Member of the Alabama House of Representatives
- In office 1860
- In office 1878

Personal details
- Born: August 11, 1825 Greensville County, Virginia, US
- Died: April 13, 1903 (aged 77) Wetumpka, Alabama, US
- Party: Democratic
- Occupation: Politician, lawyer, farmer

= Thomas Williams (Alabama politician) =

American politician (1825–1903)

Thomas Williams (August 11, 1825 - April 13, 1903) was an American politician, lawyer, and farmer. A Democrat, he was a member of the United States House of Representatives from Alabama.

== Biography ==
Williams was born on August 11, 1825, in Greensville County, Virginia, the son of the Rev. John D. Williams. At age 14, they moved to Kowaliga, Alabama, where Williams worked as a farmhand. They later moved to Wetumpka. Educated at preparatory schools, he would complete a degree at the University of East Tennessee.

Williams read law from books borrowed from a Seth P. Storrs, and in 1852, was admitted to the bar. He would live in Texas for a few years before returning to Wetumpka, where he began practicing law. He retired from law in 1872, then pursue agriculture.

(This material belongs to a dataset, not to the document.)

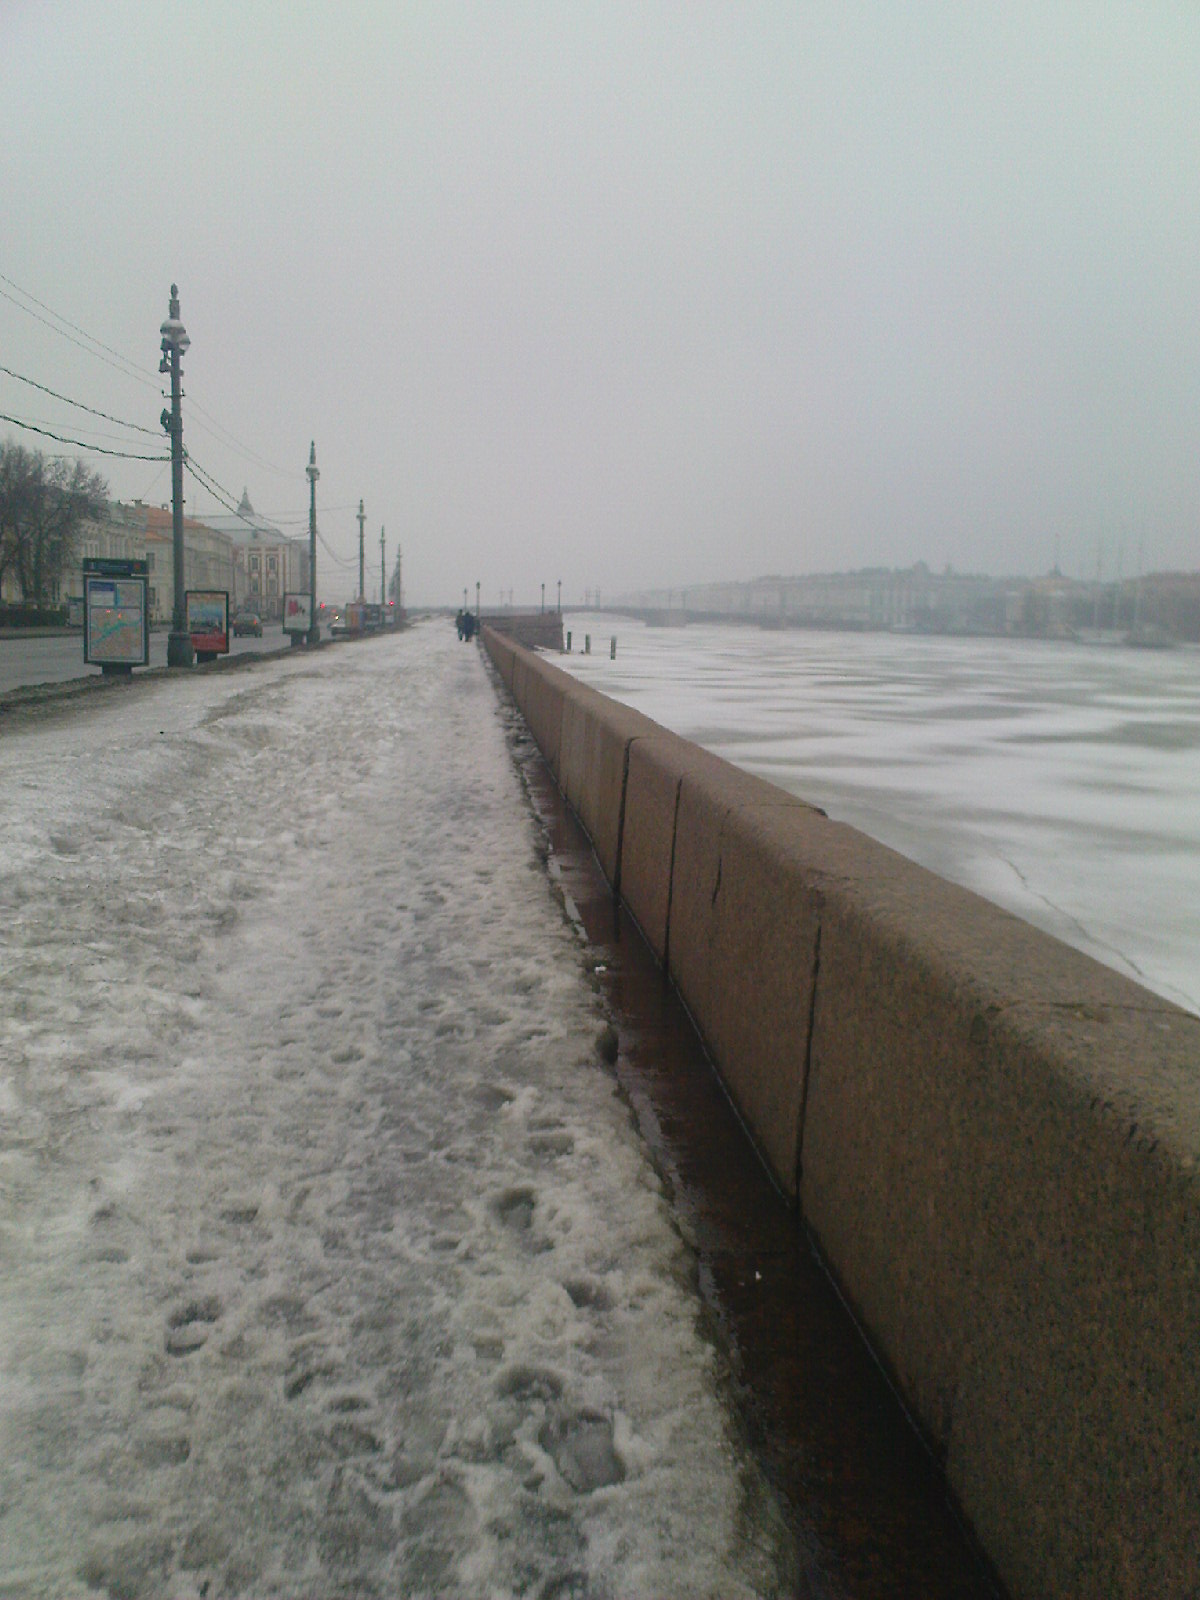 Петербург. Вид туманный Зимний Дворец и Адмиралтейство со стороны Университетской набережной. Весна 2010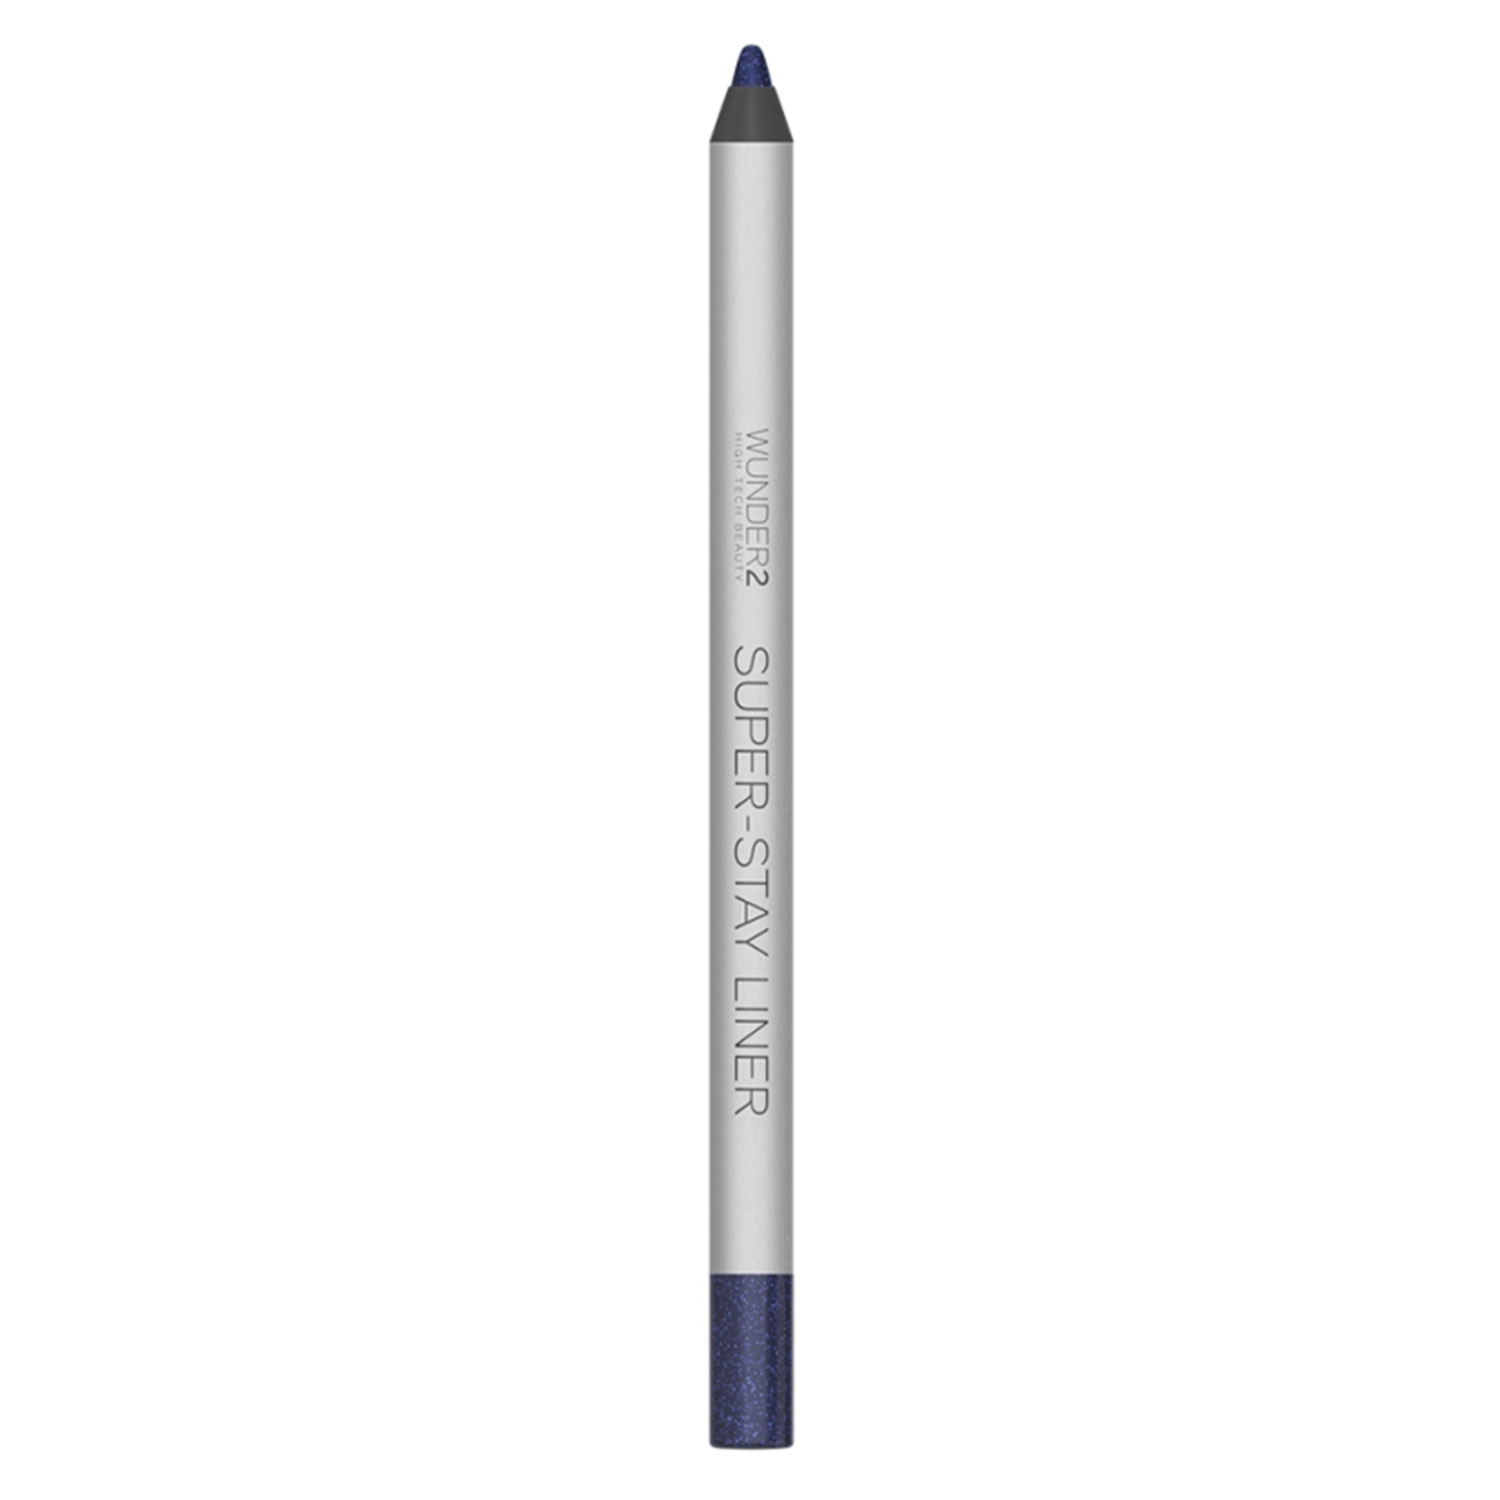 Produktbild von SUPER-STAY - Eye Pencil Glitter Navy

Williams was a Democrat. At times, he served as justice of the peace and as a register in a court of equity. In 1872, he was appointed state prison inspector. He was a member of the Alabama House of Representatives (1878), though The Political Graveyard claims 1860. He was a member of the United States House of Representatives. He served in the House from March 4, 1879, to March 3, 1885, representing Alabama's 5th district. Politically, he supported penal labor and the leasing of convicts to the private sector.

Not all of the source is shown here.